From the Daily Mail.
They are devoted foster parents with an unblemished record of caring for almost 30 vulnerable children. But Vincent and Pauline Matherick will this week have their latest foster son taken away because they have refused to sign new sexual equality regulations. To do so, they claim, would force them to promote homosexuality and go against their Christian faith.
The 11-year-old boy, who has been in their care for two years, will be placed in a council hostel this week and the Mathericks will no longer be given children to look after.
The devastated couple, who have three grown up children of their own, became foster parents in 2001 and have since cared for 28 children at their home in Chard, Somerset. ...
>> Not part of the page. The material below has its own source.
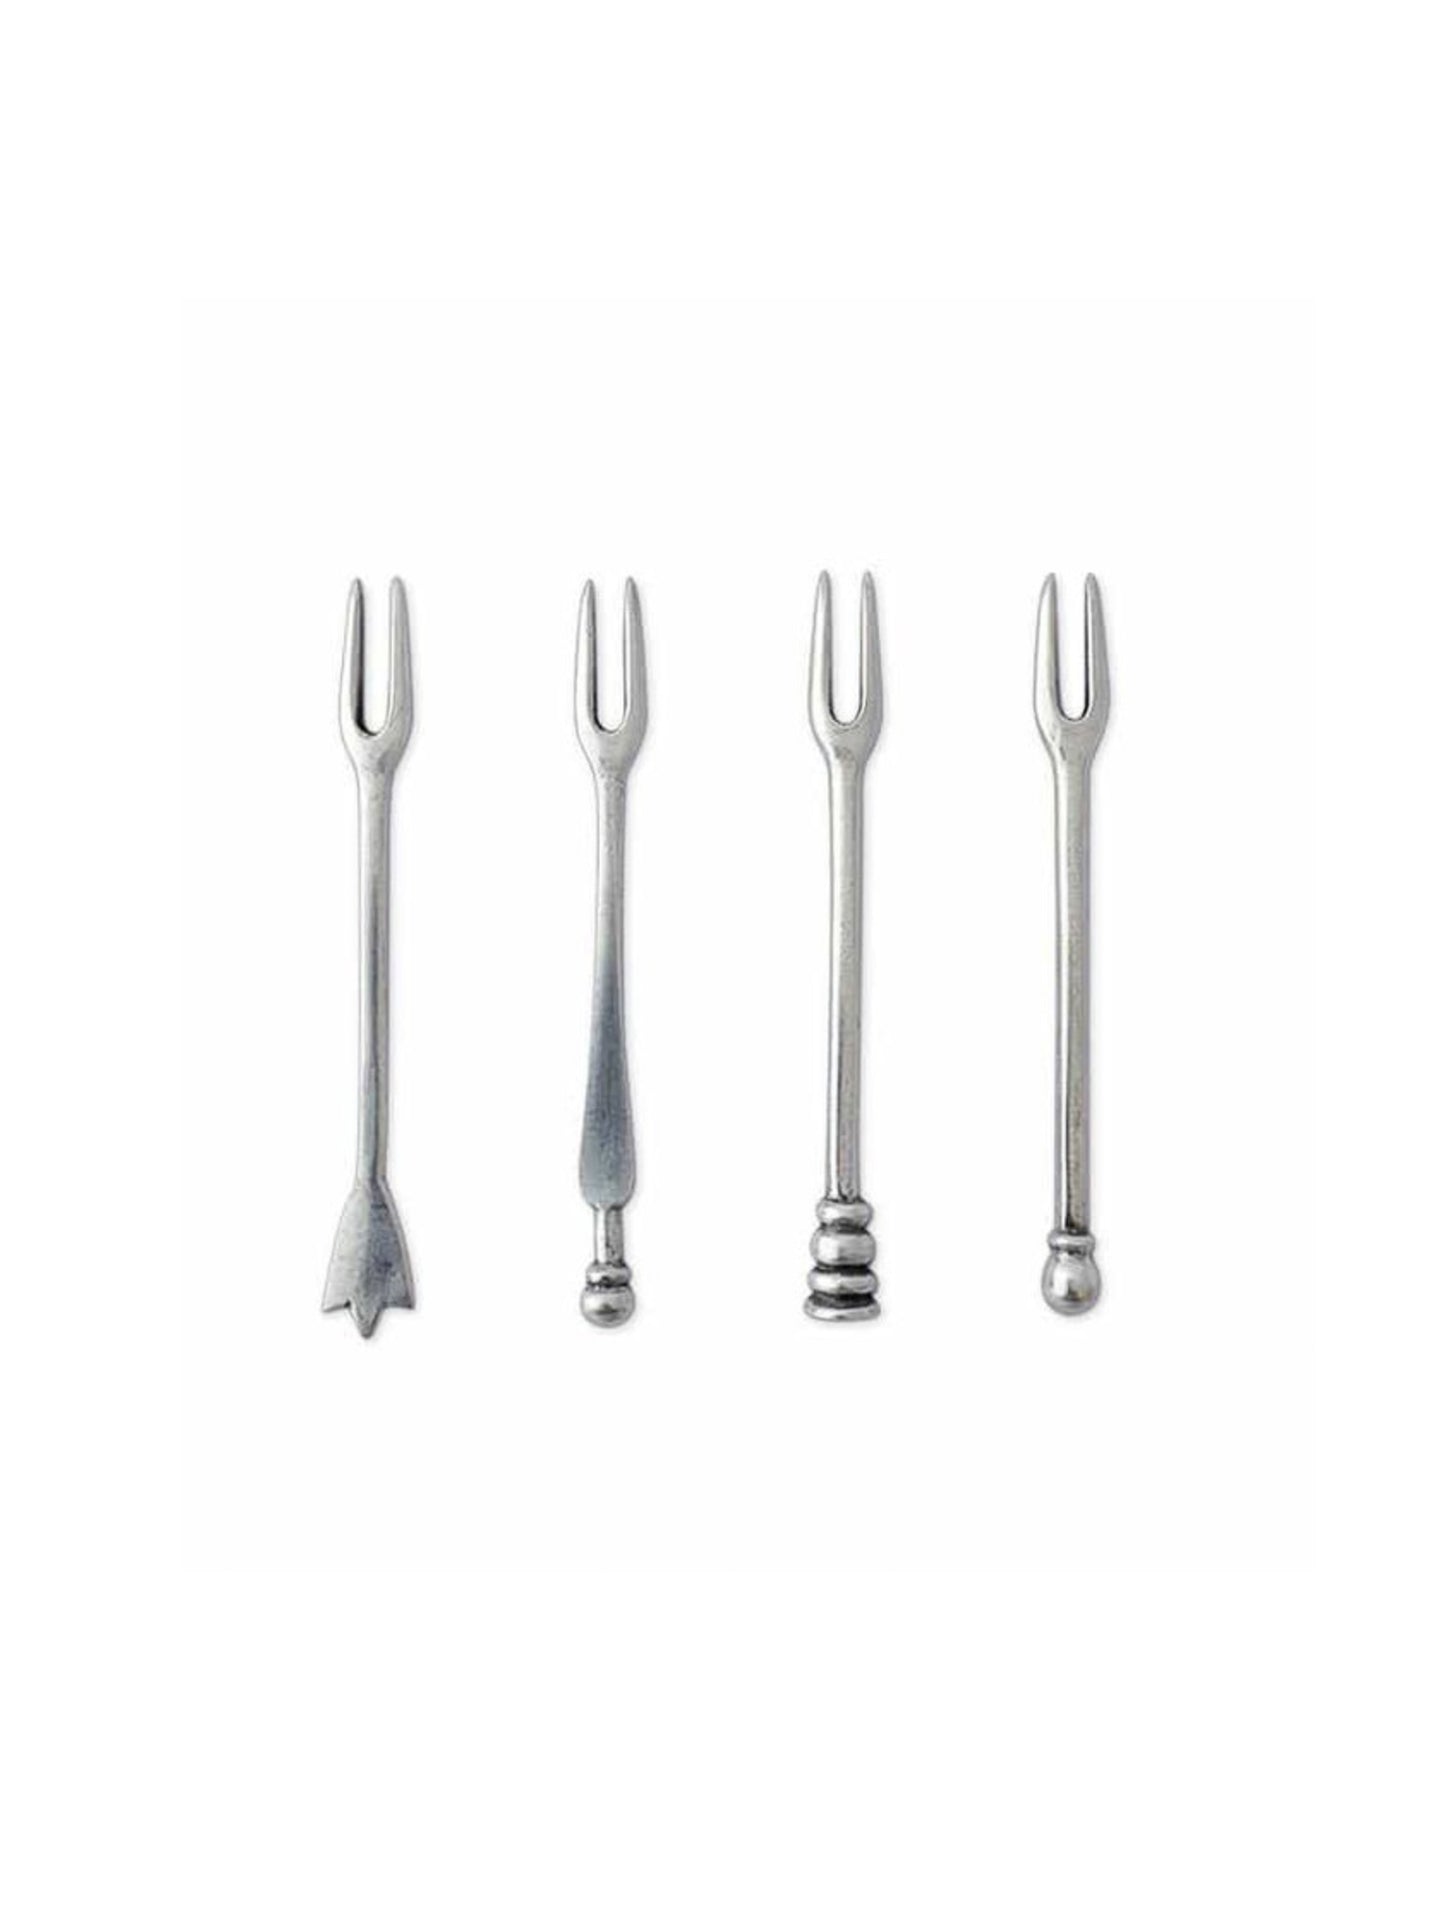 MATCH Pewter Cocktail Forks Weston Table

Officials told the couple that under the regulations they would be required to discuss same-sex relationships with children as young as 11 and tell them that gay partnerships were just as acceptable as heterosexual marriages. They could also be required to take teenagers to gay association meetings.
When the Mathericks objected, they were told they would be taken off the register of foster parents. The Mathericks have decided to resign rather than face the humiliation of being expelled.
Some of us can remember back to the days when Supreme Court justices argued against anti-sodomy laws on the grounds that gays inhibited by those laws were only claiming their share of "the most comprehensive of rights and the right most valued by civilized men, namely the right to be left alone" -- and this in the minority opinion.
One wonders how much longer the "right to be left alone" will be accorded to orthodox Christians. Will your children dare to speak against the love (ahem) that dare not speak its name? Will they have a choice in the matter?